Argue that the structure of optimal policies continue to hold, i.e., there exists a sequence $\{σ_t\}$, $s_t \in \integers$ such that the policy \[ π^*_t(s) = \begin{cases} σ_t - s, & \text{if $s \le σ_t$} \\ 0, & \text{otherwise}. \end{cases} \]

Remark: Exactly the same argument works if the state space $\{ n \Delta : n \in \integers \}$.

Exercise 7.2 (Bounded inventory level) Consider inventory management with zero ordering cost with the only difference being that there is an upper bound $\overline B$ and a lower bound $\underline B$ on the allowable value of the stock. In particular, let $W_{\max} > 0$ be the maximum value of the demand (and we assume $\underline B + W_{\max} < \overline B$), then the bounds impose a constraint \[ \underline B + W_{\max} \le S_t + A_t \le \overline B. \] Show that the optimal policy is still a base-stock policy.

Notes

Inventory management models with deterministic demand were introduced by Harris (1913). The mathematical model of inventory management considered here was originally proposed by Arrow et al. (1952). The optimality of base-stock policy was established by Bellman et al. (1955). See the notes on infinite horizon version of this model to see how to find the threshold in closed form.
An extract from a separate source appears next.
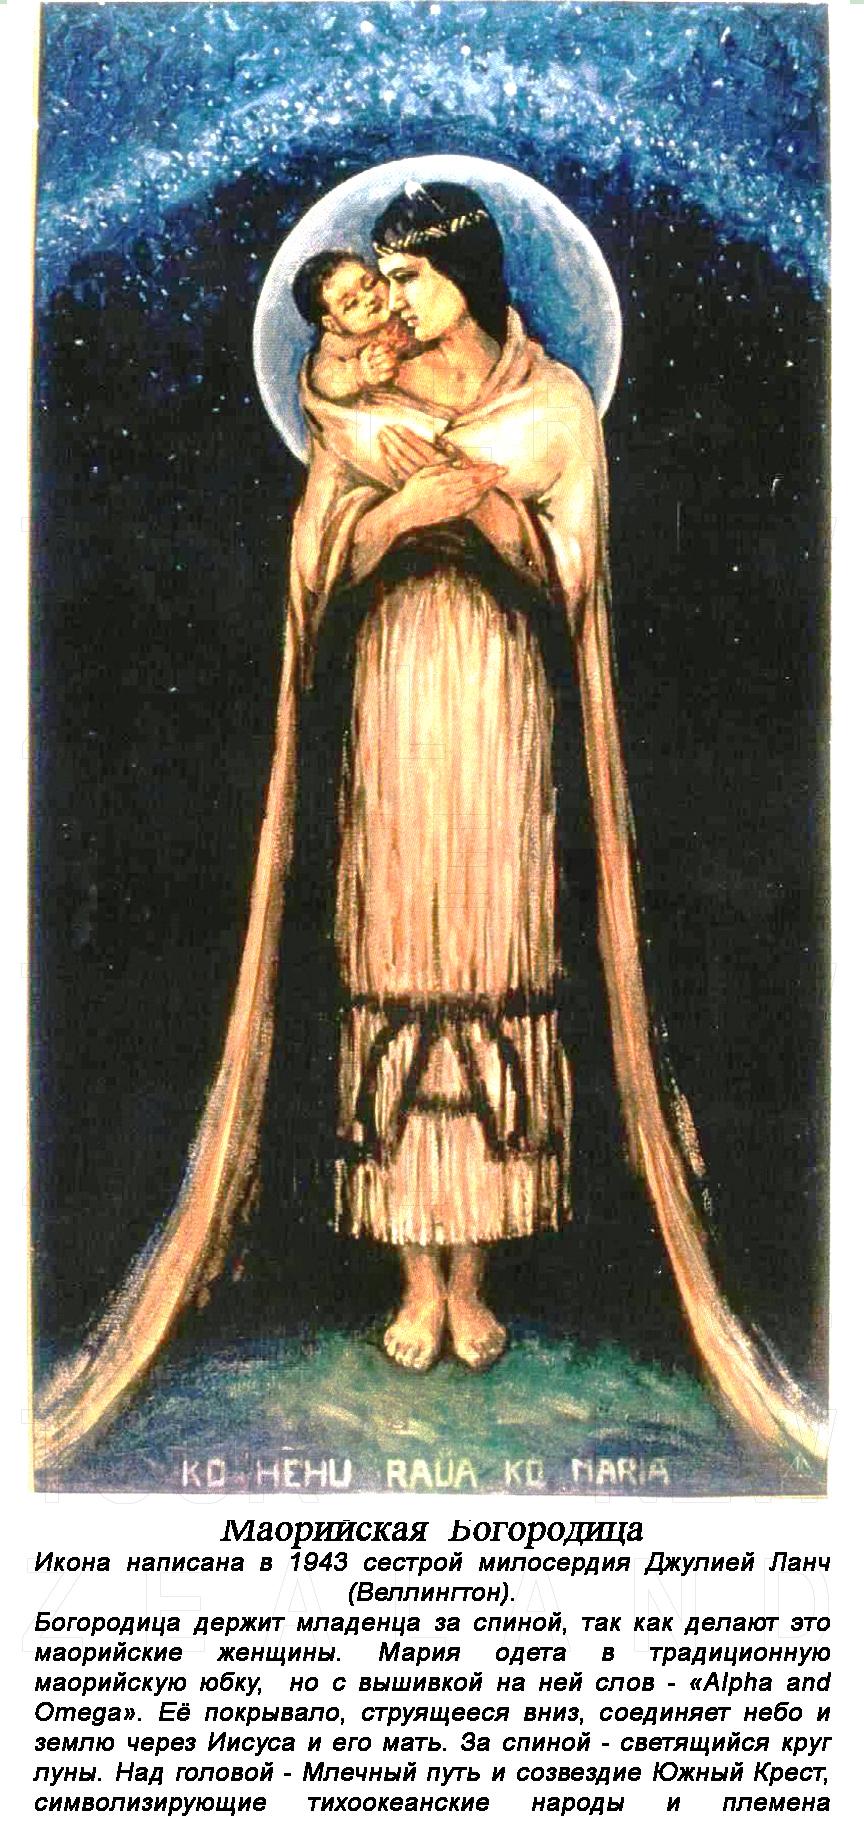 Maori-Madonna

A model where $\S = \reals$ but $\ALPHABET A = \integers_{\ge 0}$ is considered in Veinott (1965). It’s generalization with positive ordering cost is considered in Tsitsiklis (1984).

Sufficient conditions for the optimality of $(s,S)$-policies were presented in Dvoretzky et al. (1953). The notion of $K$-convexity and optimality of $(s,S)$-policies is due to Scarf (1960). An alternative proof under a different set of assumptions was provided by Veinott (1966). The proof of Lemma 7.2 is borrowed from Bertsekas (2011). The proof of Theorem 7.3 is from Scarf (1960). See Bertsekas (2011) for an alternative proof of Theorem 7.3 and generalization of Theorem 7.3 to the setting of lost sales (discussed in Exercise 4.6 of Bertsekas (2011)).

For a detailed overview of inventory management, see Zipkin (2000).